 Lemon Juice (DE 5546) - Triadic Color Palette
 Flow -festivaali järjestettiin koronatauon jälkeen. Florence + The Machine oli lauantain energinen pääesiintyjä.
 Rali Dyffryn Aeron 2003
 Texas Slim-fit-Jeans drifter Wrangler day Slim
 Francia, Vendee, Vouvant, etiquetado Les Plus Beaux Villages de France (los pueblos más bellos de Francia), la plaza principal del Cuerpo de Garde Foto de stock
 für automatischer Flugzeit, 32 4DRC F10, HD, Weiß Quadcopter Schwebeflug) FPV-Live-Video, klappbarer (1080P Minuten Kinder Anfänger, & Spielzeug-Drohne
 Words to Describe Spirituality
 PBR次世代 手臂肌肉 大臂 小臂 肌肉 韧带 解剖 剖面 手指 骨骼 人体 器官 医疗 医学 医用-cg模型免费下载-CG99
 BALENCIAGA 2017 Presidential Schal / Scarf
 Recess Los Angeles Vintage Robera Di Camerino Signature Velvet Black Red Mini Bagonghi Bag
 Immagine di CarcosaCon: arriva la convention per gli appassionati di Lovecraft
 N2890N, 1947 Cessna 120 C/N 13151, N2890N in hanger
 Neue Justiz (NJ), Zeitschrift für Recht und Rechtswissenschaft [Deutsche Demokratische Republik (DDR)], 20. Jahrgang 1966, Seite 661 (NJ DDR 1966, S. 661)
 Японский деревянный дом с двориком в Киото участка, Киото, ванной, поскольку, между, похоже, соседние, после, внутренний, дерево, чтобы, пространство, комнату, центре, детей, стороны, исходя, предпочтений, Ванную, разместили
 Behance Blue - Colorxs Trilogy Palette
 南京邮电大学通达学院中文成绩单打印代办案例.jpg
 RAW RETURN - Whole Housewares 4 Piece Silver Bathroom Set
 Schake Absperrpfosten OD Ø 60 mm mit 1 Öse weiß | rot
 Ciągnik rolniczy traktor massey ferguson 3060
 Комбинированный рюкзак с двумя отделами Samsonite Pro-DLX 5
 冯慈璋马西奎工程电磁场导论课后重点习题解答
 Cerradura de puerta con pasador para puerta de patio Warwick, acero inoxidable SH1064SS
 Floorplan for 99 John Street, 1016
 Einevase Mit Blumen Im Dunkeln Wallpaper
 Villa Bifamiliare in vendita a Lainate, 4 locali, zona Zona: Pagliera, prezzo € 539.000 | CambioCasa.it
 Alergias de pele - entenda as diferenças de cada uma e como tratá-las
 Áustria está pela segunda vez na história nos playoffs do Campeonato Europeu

= Exercise goal =
Only the lines from the start of the data to the line holding "PBR次世代 手臂肌肉 大臂" are wanted; return them exactly, both ends included.

= Reply to the exercise =
 Lemon Juice (DE 5546) - Triadic Color Palette
 Flow -festivaali järjestettiin koronatauon jälkeen. Florence + The Machine oli lauantain energinen pääesiintyjä.
 Rali Dyffryn Aeron 2003
 Texas Slim-fit-Jeans drifter Wrangler day Slim
 Francia, Vendee, Vouvant, etiquetado Les Plus Beaux Villages de France (los pueblos más bellos de Francia), la plaza principal del Cuerpo de Garde Foto de stock
 für automatischer Flugzeit, 32 4DRC F10, HD, Weiß Quadcopter Schwebeflug) FPV-Live-Video, klappbarer (1080P Minuten Kinder Anfänger, & Spielzeug-Drohne
 Words to Describe Spirituality
 PBR次世代 手臂肌肉 大臂 小臂 肌肉 韧带 解剖 剖面 手指 骨骼 人体 器官 医疗 医学 医用-cg模型免费下载-CG99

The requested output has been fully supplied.